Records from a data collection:
________________________

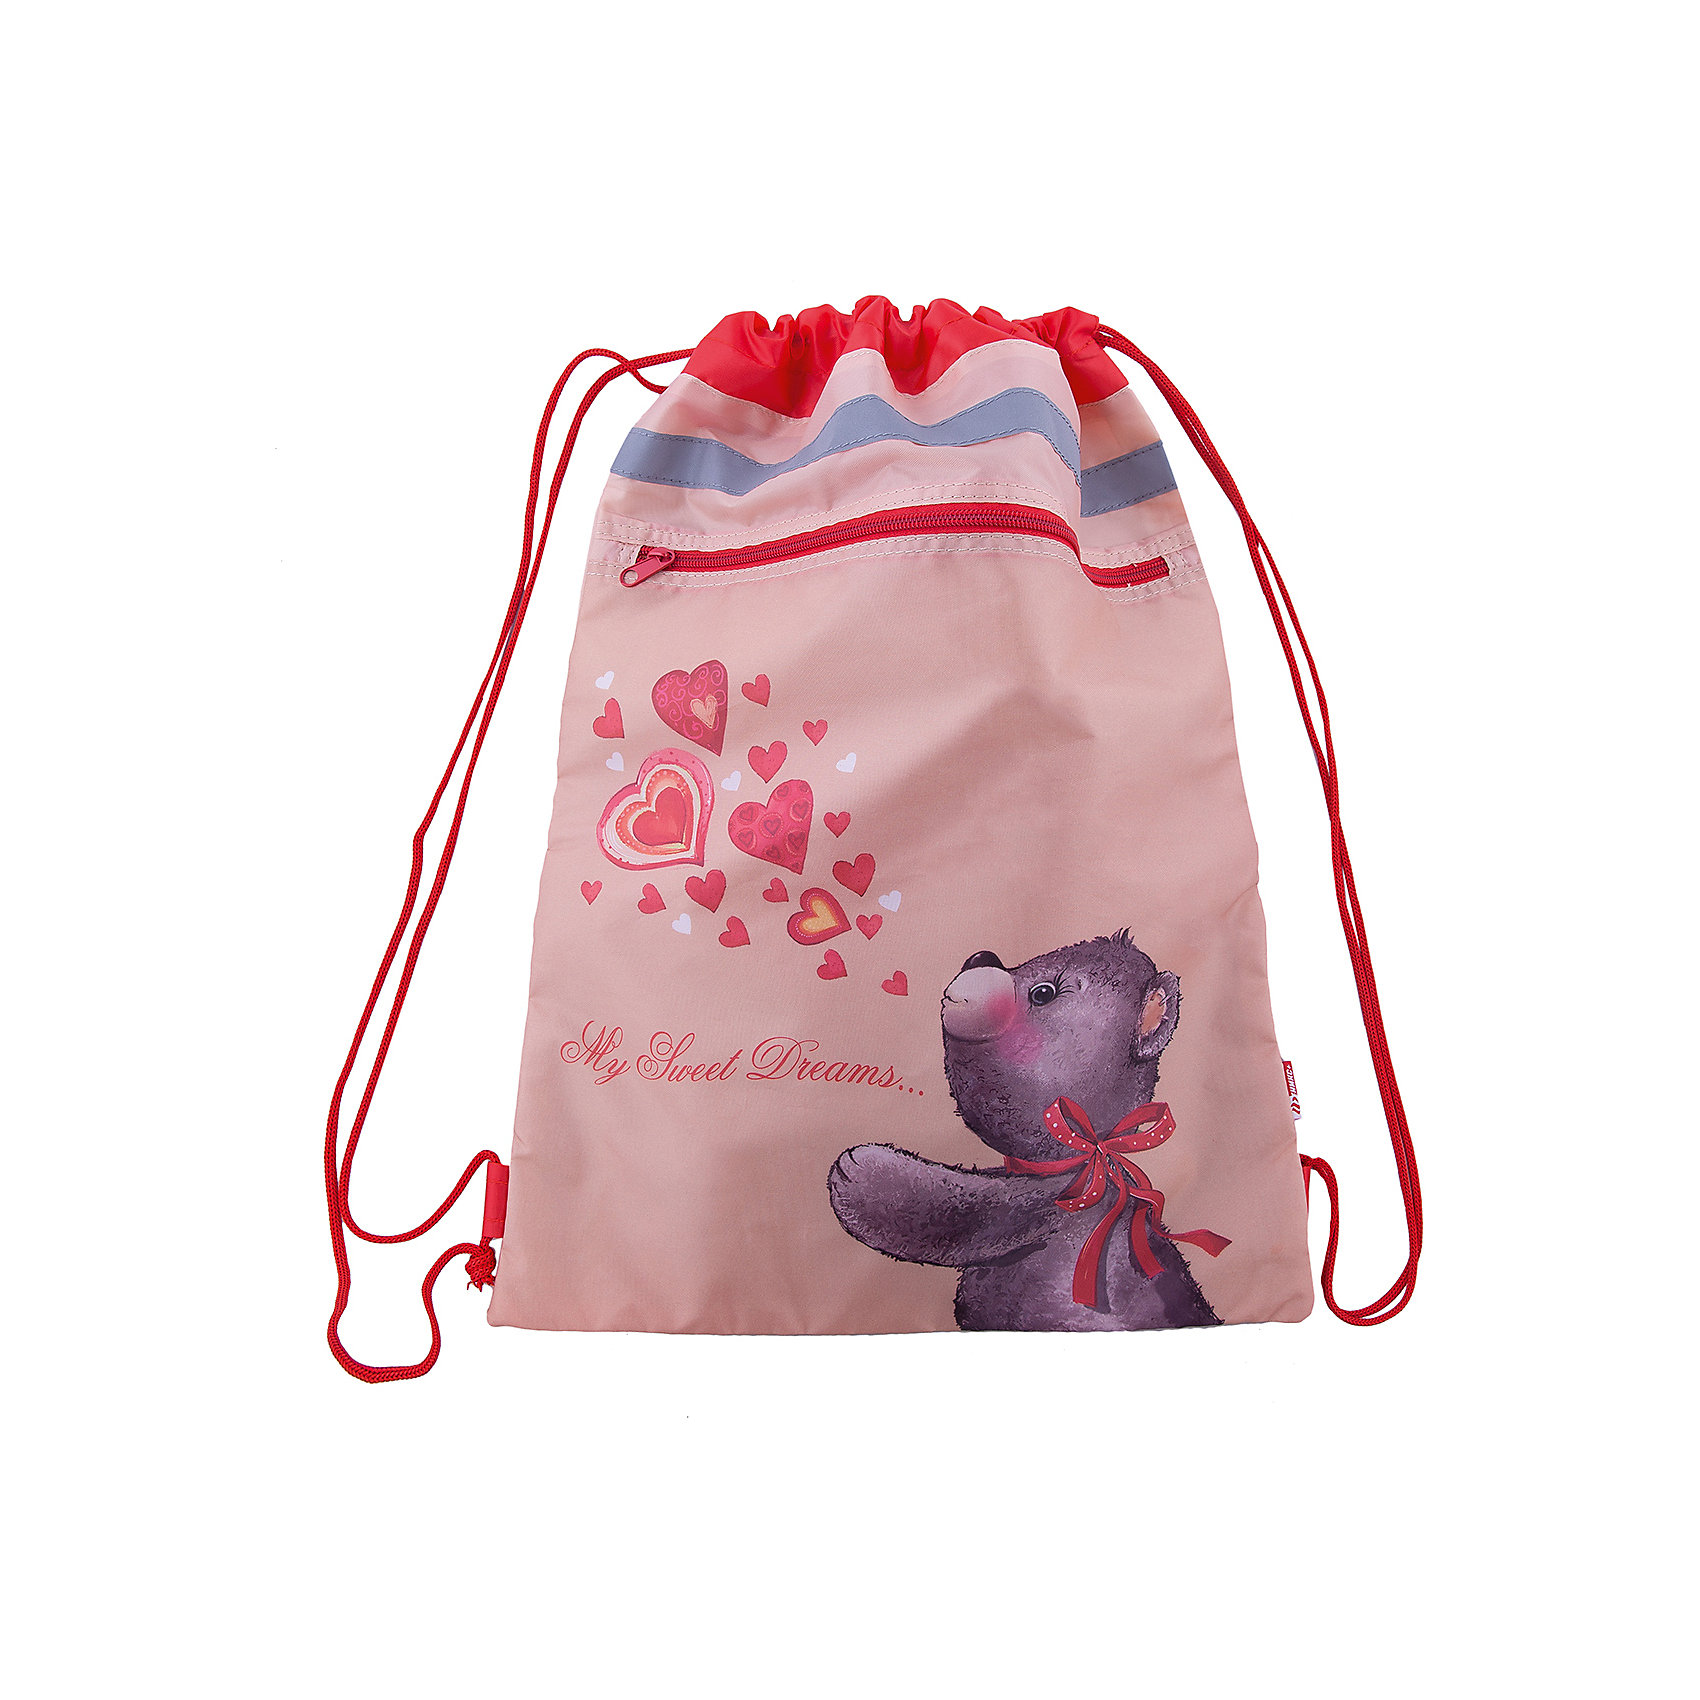 Мешок для обуви Мишка и сердечкиСтильный мешок для сменной обуви прекрасно подчеркнет индивидуальный стиль Вашего ребенка!<br><br>Дополнительная информация:<br><br>- Материал: полиэстер.<br>- Размер: 36х48 см.<br>- Размер упаковки: 48х36х0,5 см.<br>- Вес в упаковке: 80 г.<br><br>Купить мешок для обуви Мишка и сердечки можно в нашем магазине.<br><br>Ширина мм: 480<br>Глубина мм: 360<br>Высота мм: 5<br>Вес г: 80<br>Возраст от месяцев: 72<br>Возраст до месяцев: 2147483647<br>Пол: Женский<br>Возраст: Детский<br>SKU: 4943646
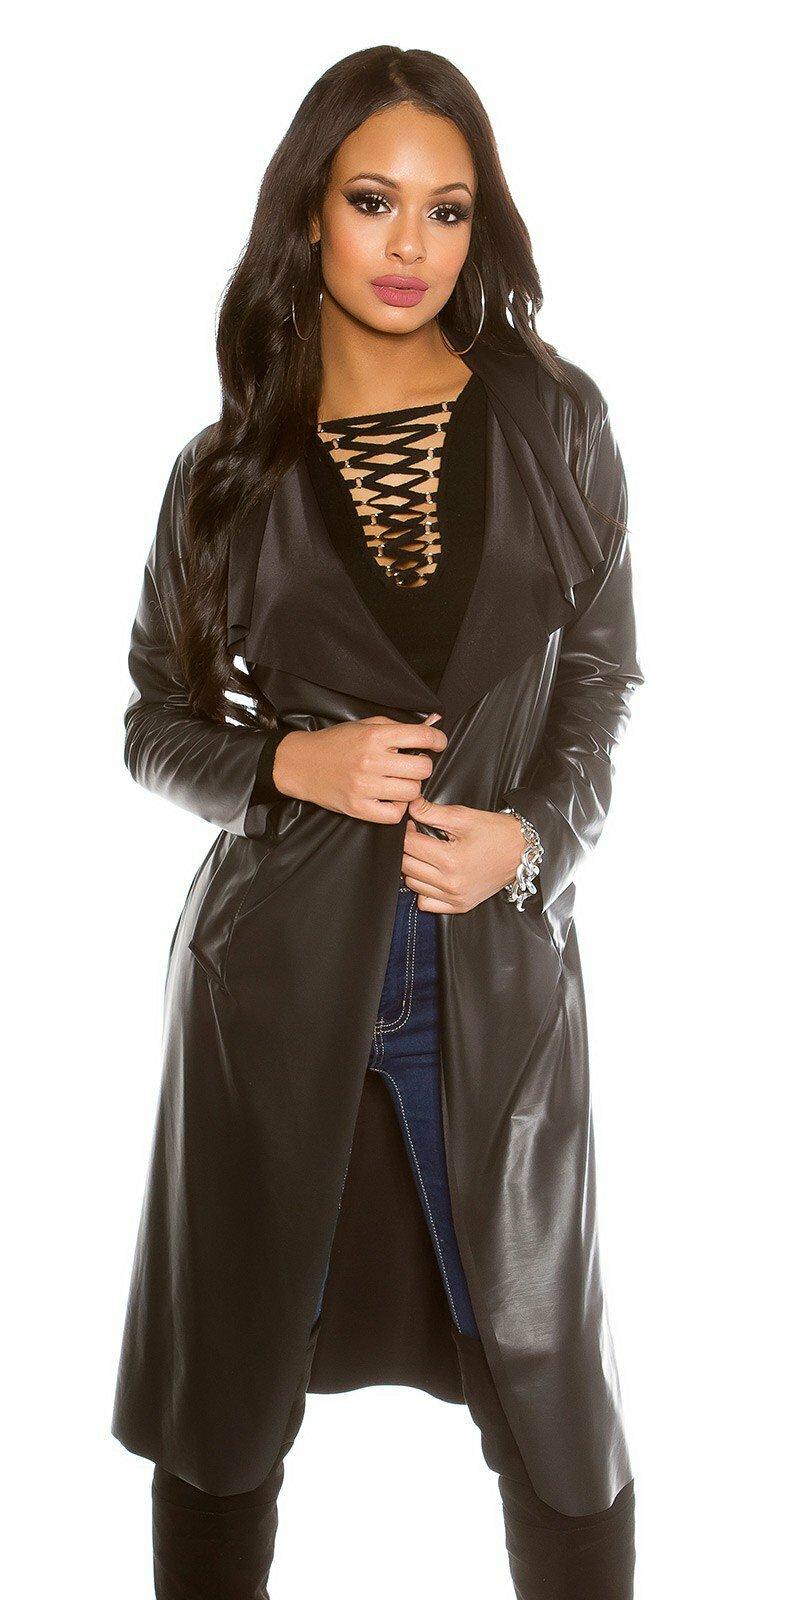 Dlhá bunda koženého vzhľadu KouCla  Veľkosť Univerzálna (XS S M) Farba  Čierna 969e69961f6
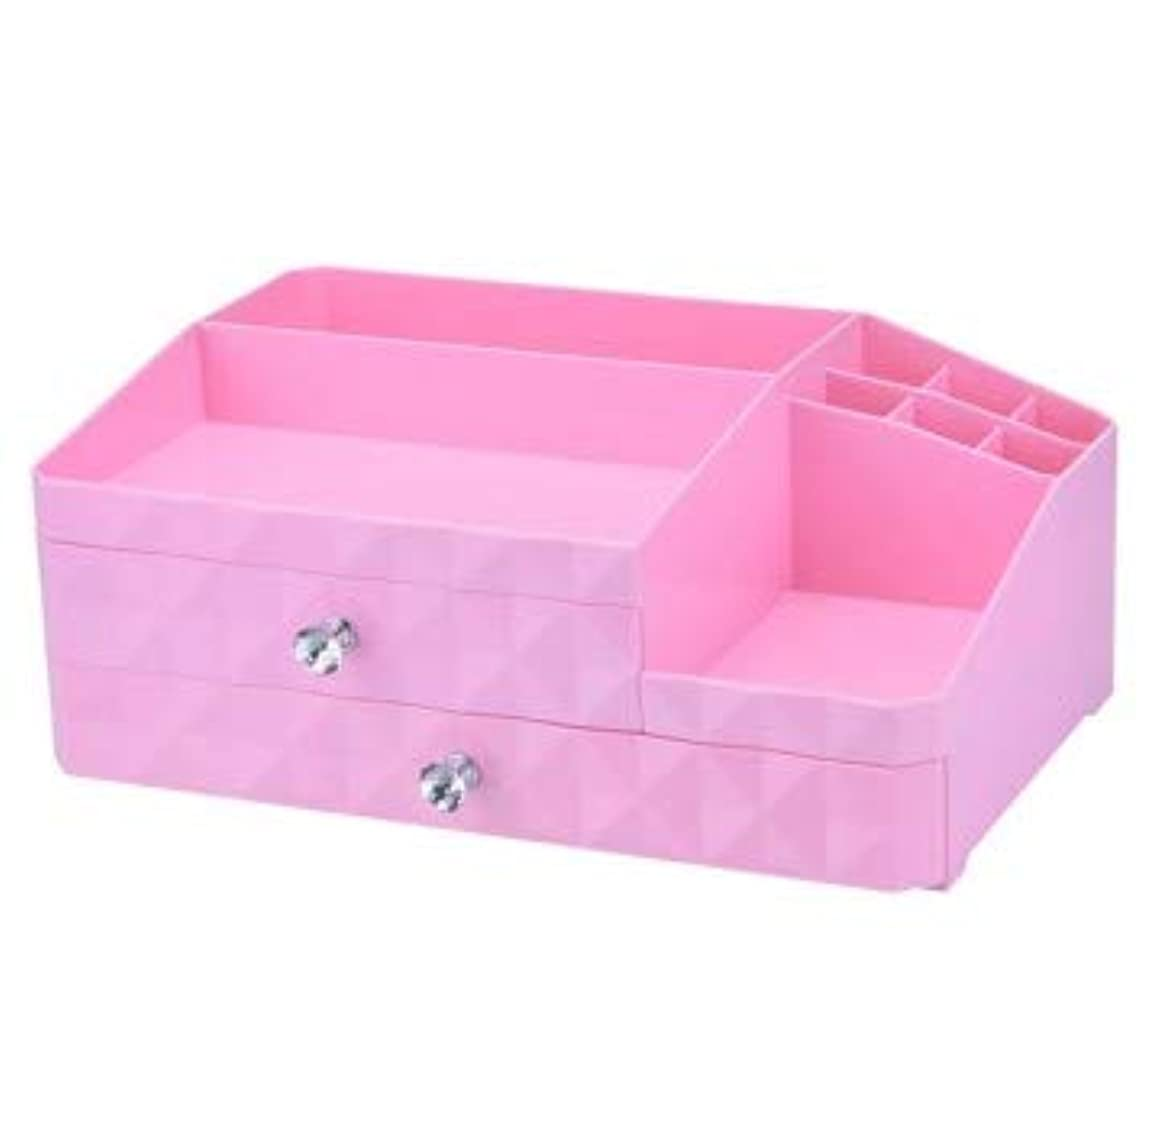 トースト神の毎週デスクトップジュエリーボックス引き出し化粧品収納ボックス三層プラスチック仕上げボックス (Color : ピンク)
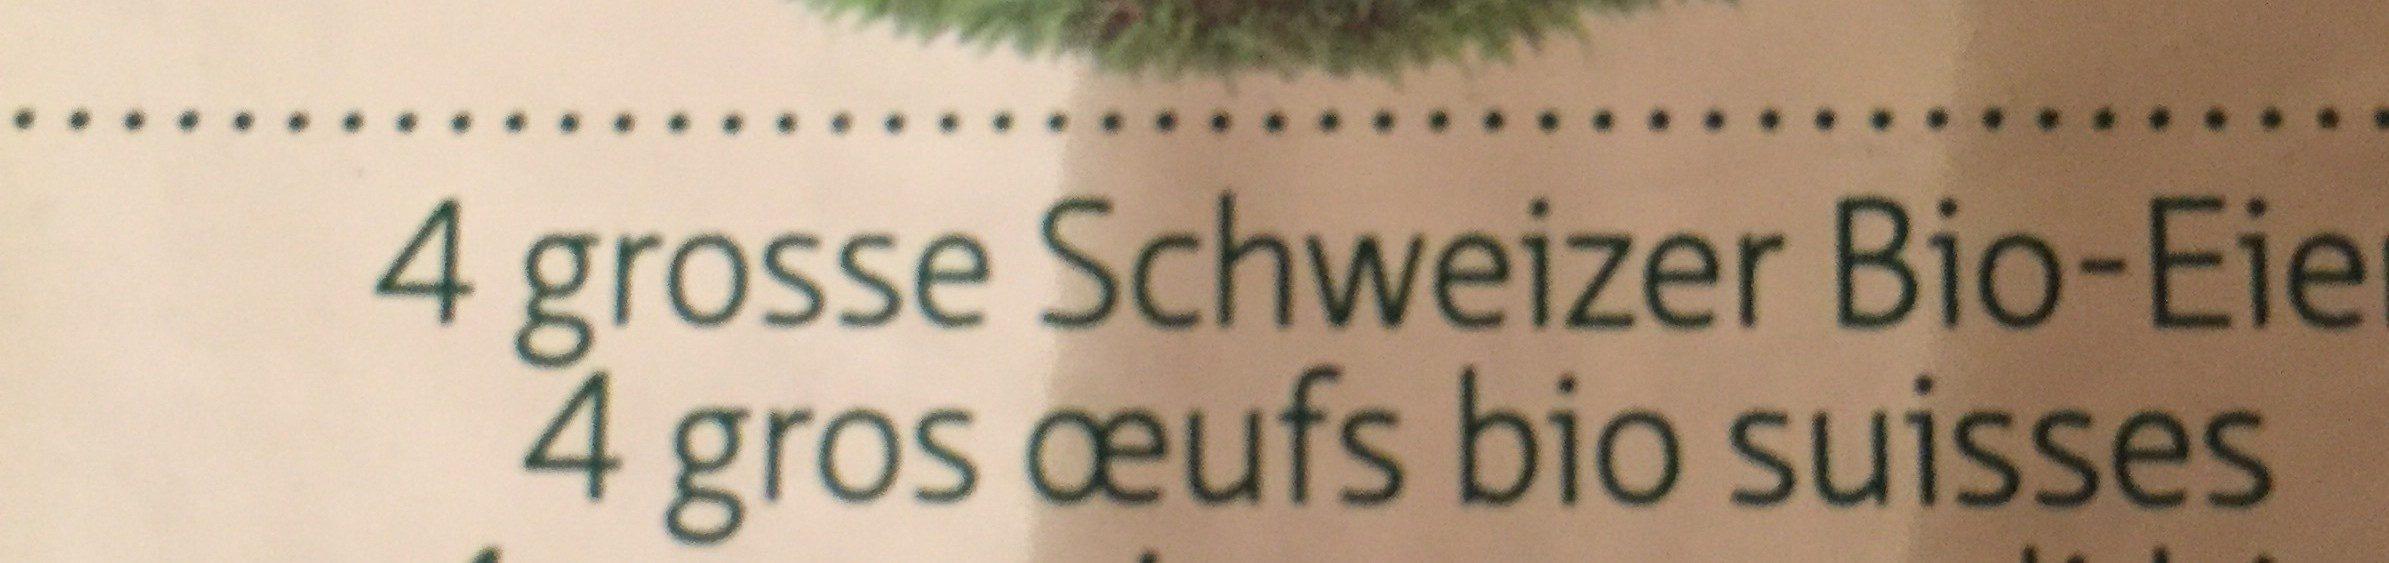 4 gros oeufs bio suisses - Ingredients - fr
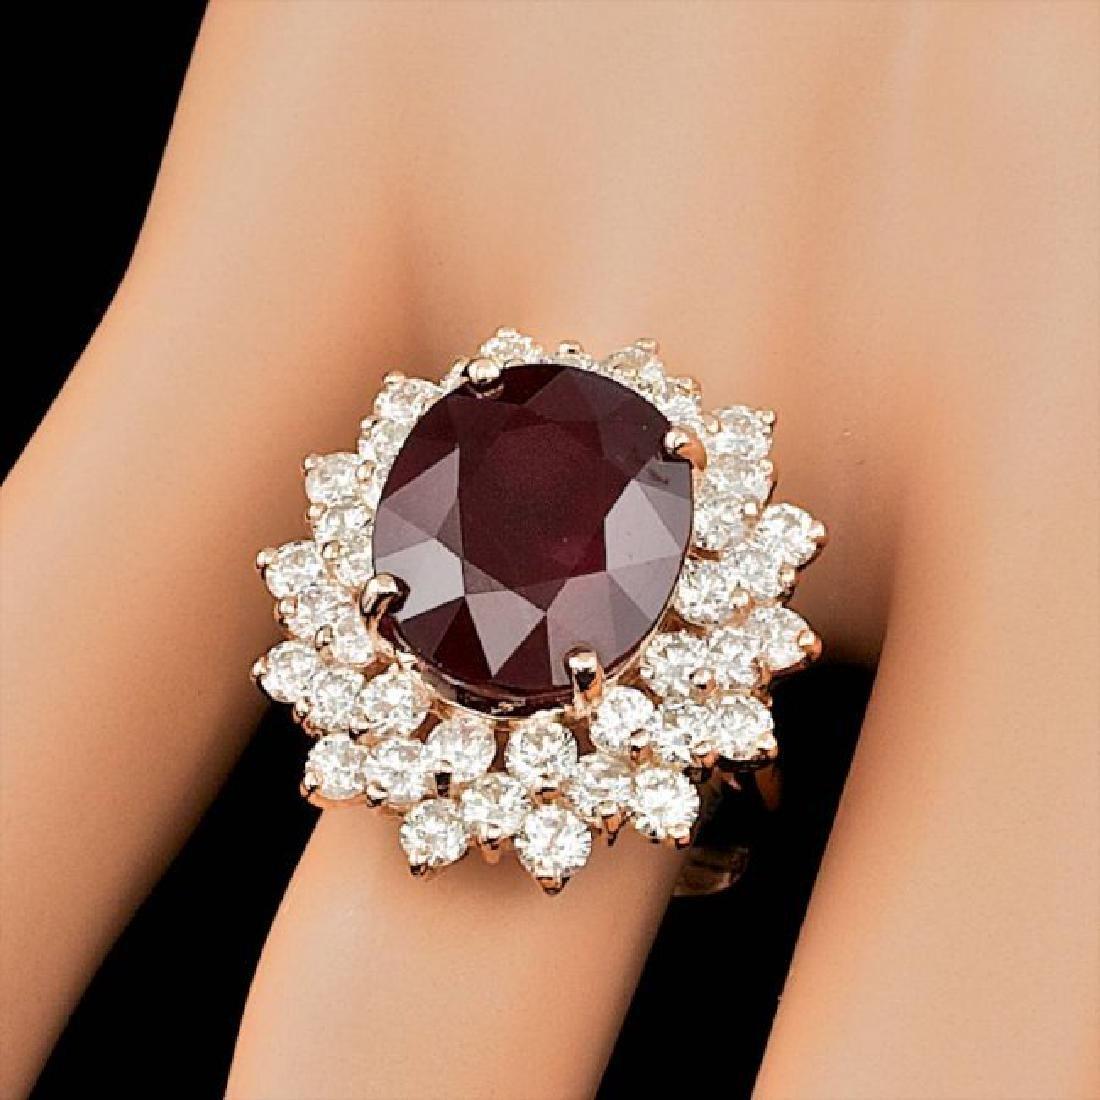 14k Rose Gold 13.00ct Ruby 3.20ct Diamond Ring - 4

________________________

• [EXERCISE]: Would you please repeat each record exactly? Leave the pictures out.

• [RESULT FOR THIS EXERCISE]:
 Мешок для обуви Мишка и сердечкиСтильный мешок для сменной обуви прекрасно подчеркнет индивидуальный стиль Вашего ребенка!<br><br>Дополнительная информация:<br><br>- Материал: полиэстер.<br>- Размер: 36х48 см.<br>- Размер упаковки: 48х36х0,5 см.<br>- Вес в упаковке: 80 г.<br><br>Купить мешок для обуви Мишка и сердечки можно в нашем магазине.<br><br>Ширина мм: 480<br>Глубина мм: 360<br>Высота мм: 5<br>Вес г: 80<br>Возраст от месяцев: 72<br>Возраст до месяцев: 2147483647<br>Пол: Женский<br>Возраст: Детский<br>SKU: 4943646
 Dlhá bunda koženého vzhľadu KouCla  Veľkosť Univerzálna (XS S M) Farba  Čierna 969e69961f6
 トースト神の毎週デスクトップジュエリーボックス引き出し化粧品収納ボックス三層プラスチック仕上げボックス (Color : ピンク)
 4 gros oeufs bio suisses - Ingredients - fr
 14k Rose Gold 13.00ct Ruby 3.20ct Diamond Ring - 4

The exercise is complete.